O politólogo moçambicano João Pereira defendeu que Moçambique precisa de uma profunda reforma do sistema político, considerando que a descentralização, exigida pela oposição, altera toda a lógica do funcionamento do país.
"Não será uma emenda que vai resolver o problema da descentralização. Esta questão é muito mais profunda", disse à Lusa João Pereira, que reitera que enquanto não houver vontade política entre o Governo e a Resistência Nacional Moçambicana (Renamo), principal partido de oposição, nas negociações de paz, a crise política e militar não será ultrapassada.
Para o académico, além de uma mudança radical, a descentralização, exigida pela oposição em Moçambique, implica uma reconfiguração de toda a lógica do funcionamento do país e, consequentemente, o processo precisaria de tempo, principalmente num Estado ainda em construção.

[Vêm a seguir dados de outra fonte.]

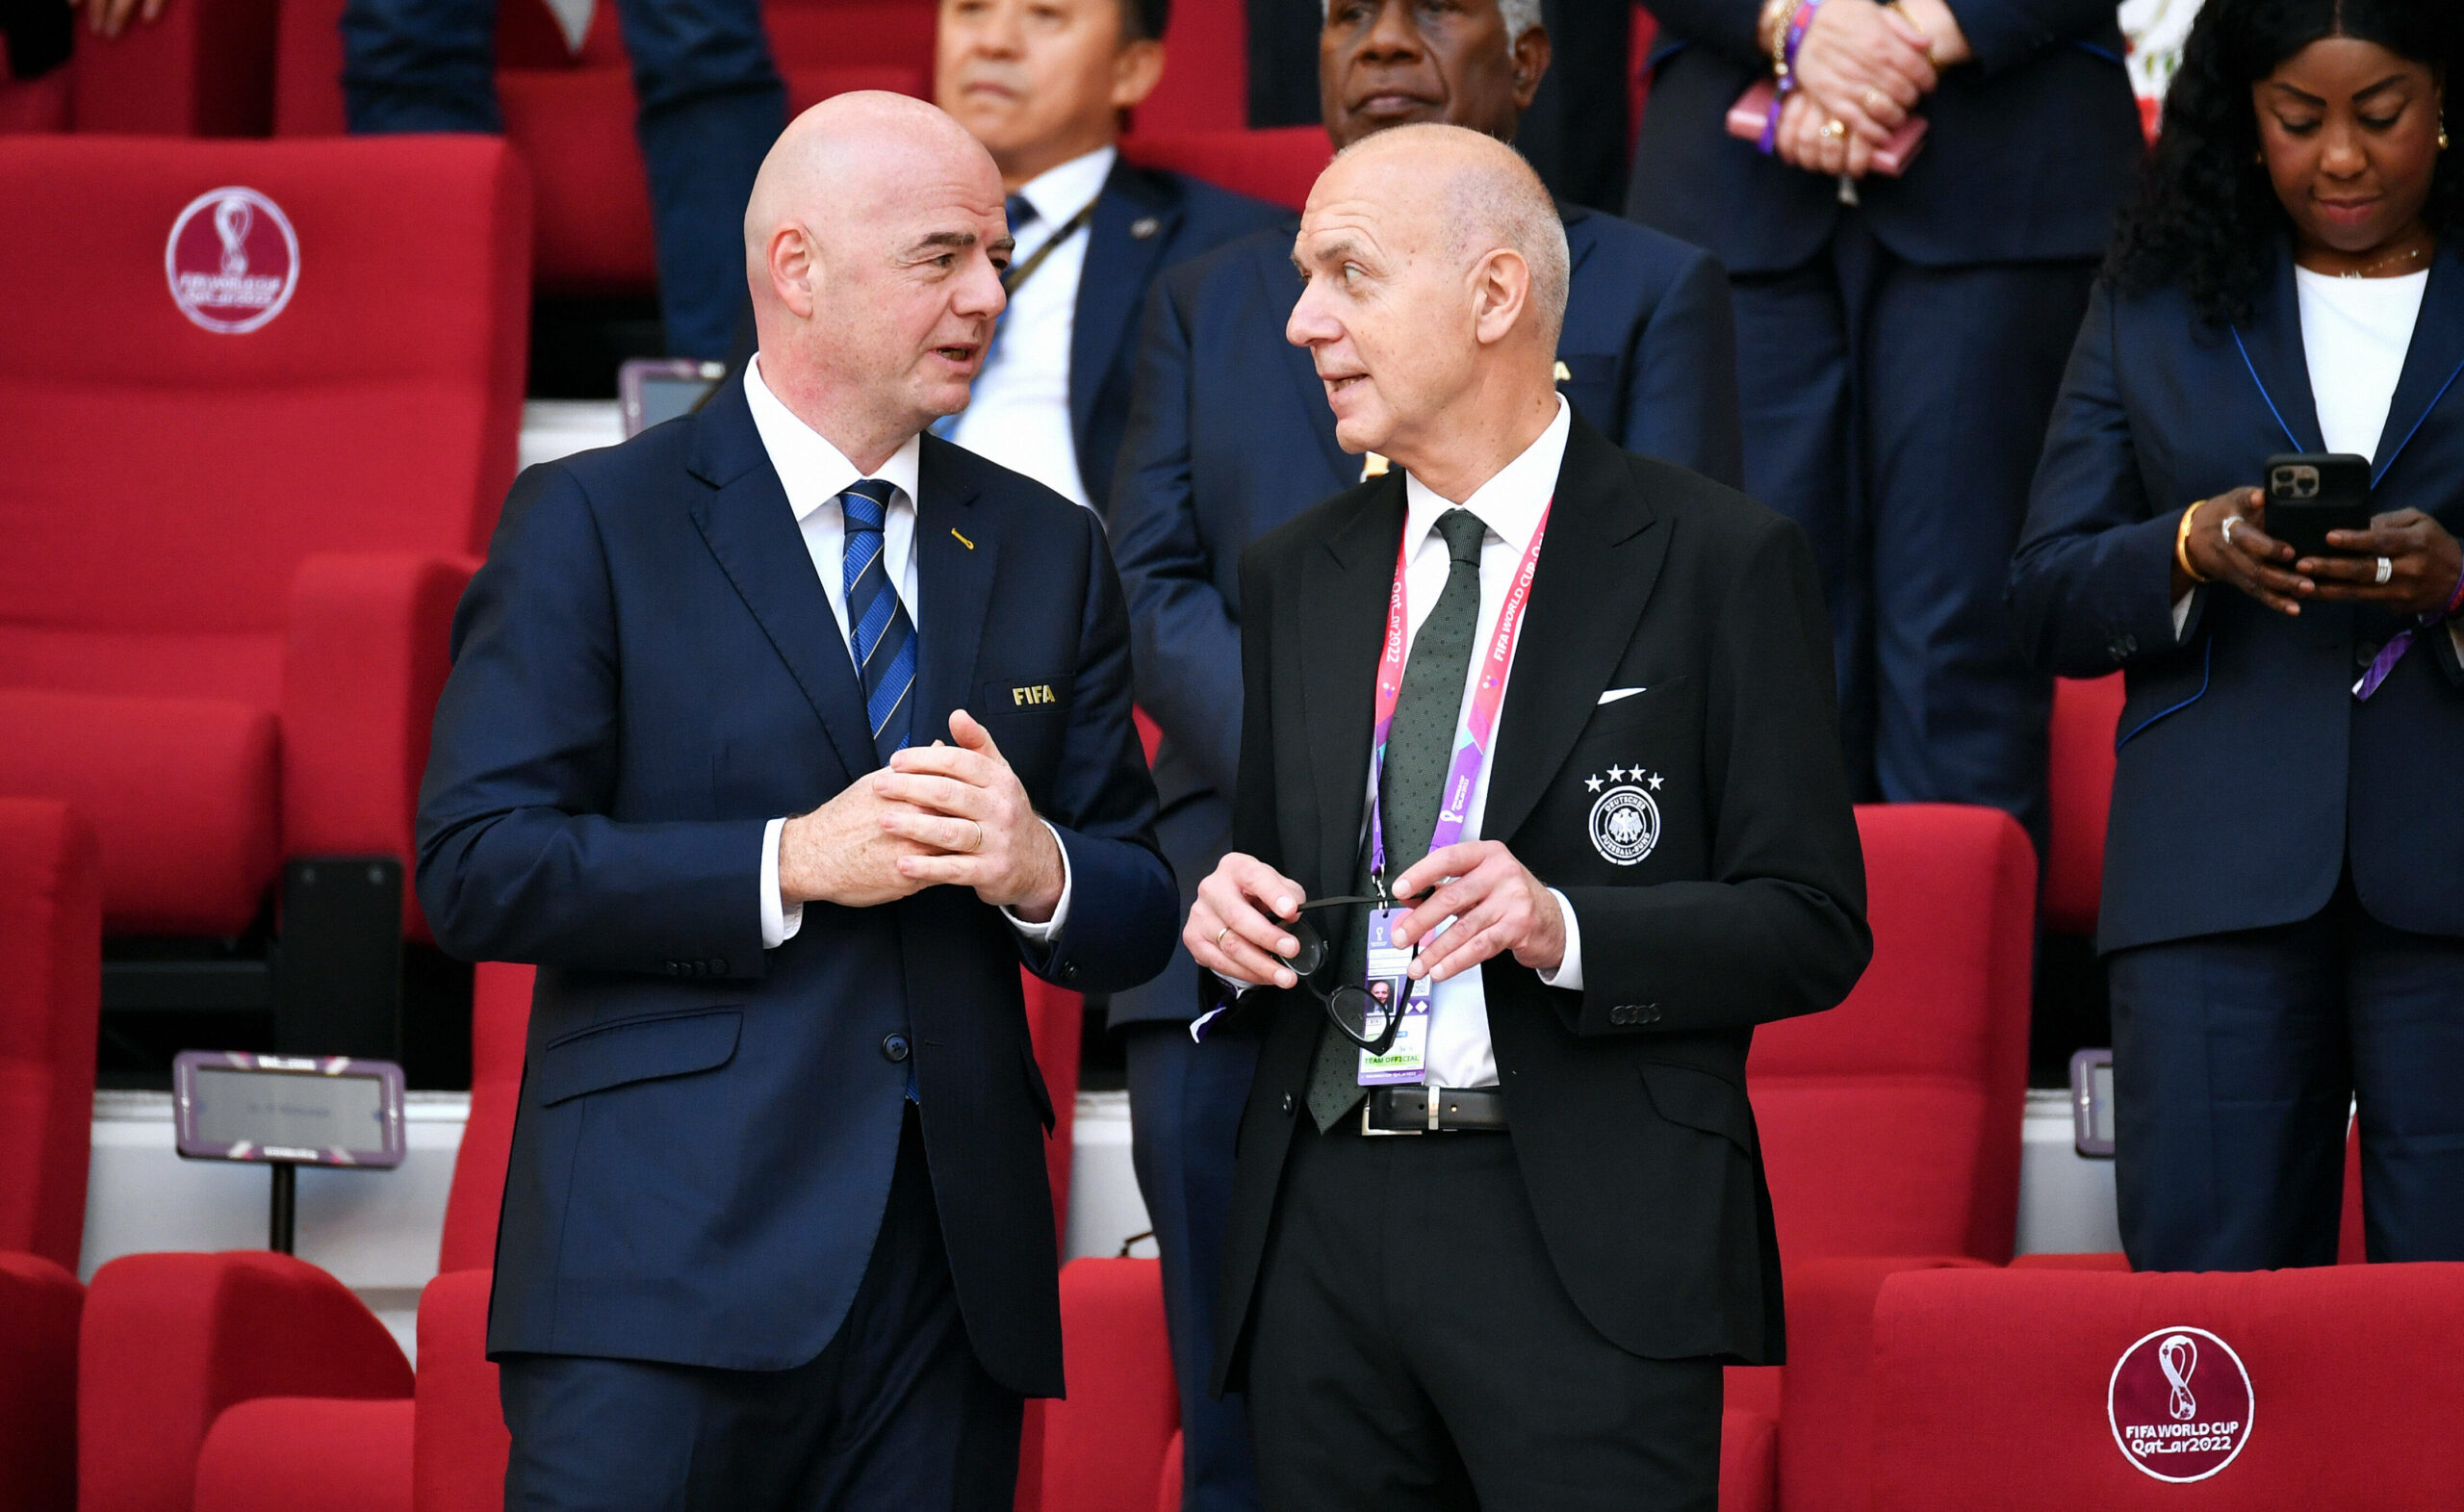 DFB-Präsident Bernd Neuendorf (rechts) im Gespräch mit FIFA-Chef Gianni Infantino (links)

Além de tempo e vontade, para o professor de Ciência Política na Universidade Eduardo Mondlane, o debate sobre as mudanças políticas em Moçambique deviam ser mais alargados e não só nas posições das partes em conflito, na medida em que o problema diz respeito a todos os moçambicanos.
O académico entende que, além da lógica do sistema, a eleição de governadores provinciais em Moçambique altera a estrutura dos próprios partidos e, consequentemente, o modo de se fazer política no país, pelo que é imperioso que essas mudanças sejam acompanhadas por um debate sério e inclusivo.
"Esta mudança não tem impactos simplesmente políticos, é uma mudança a nível económico e social. É a alteração de um paradigma", destacou o analista, observando que para um partido como a Frente de Libertação de Moçambique (Frelimo), que não tem um histórico de processos de descentralização, será "muito difícil" aceitar o novo modelo.
A bipolarização do processo negocial, na ótica do académico, revela que os interesses que estão em causa não são do povo moçambicano e, mesmo que haja consensos, num futuro próximo, o país voltará a ser ensombrado pelo mesmo problema.
"Este não é um problema destas duas partes apenas, é o problema de todo povo e, por isso, precisamos de um diálogo mais aberto", sublinhou João Pereira, reiterando que a solução da crise política no país não pode ser reduzida à acomodação das exigências do maior partido de oposição.
"Precisamos de um estudo sério e abrangente sobre a natureza das mudanças que queremos. A crise vai continuar, está claro que este processo é muito mais complexo", reiterou João Pereira, apontando a falta de confiança nas negociações entre as partes como um dos principais obstáculos para o fim da crise política e militar.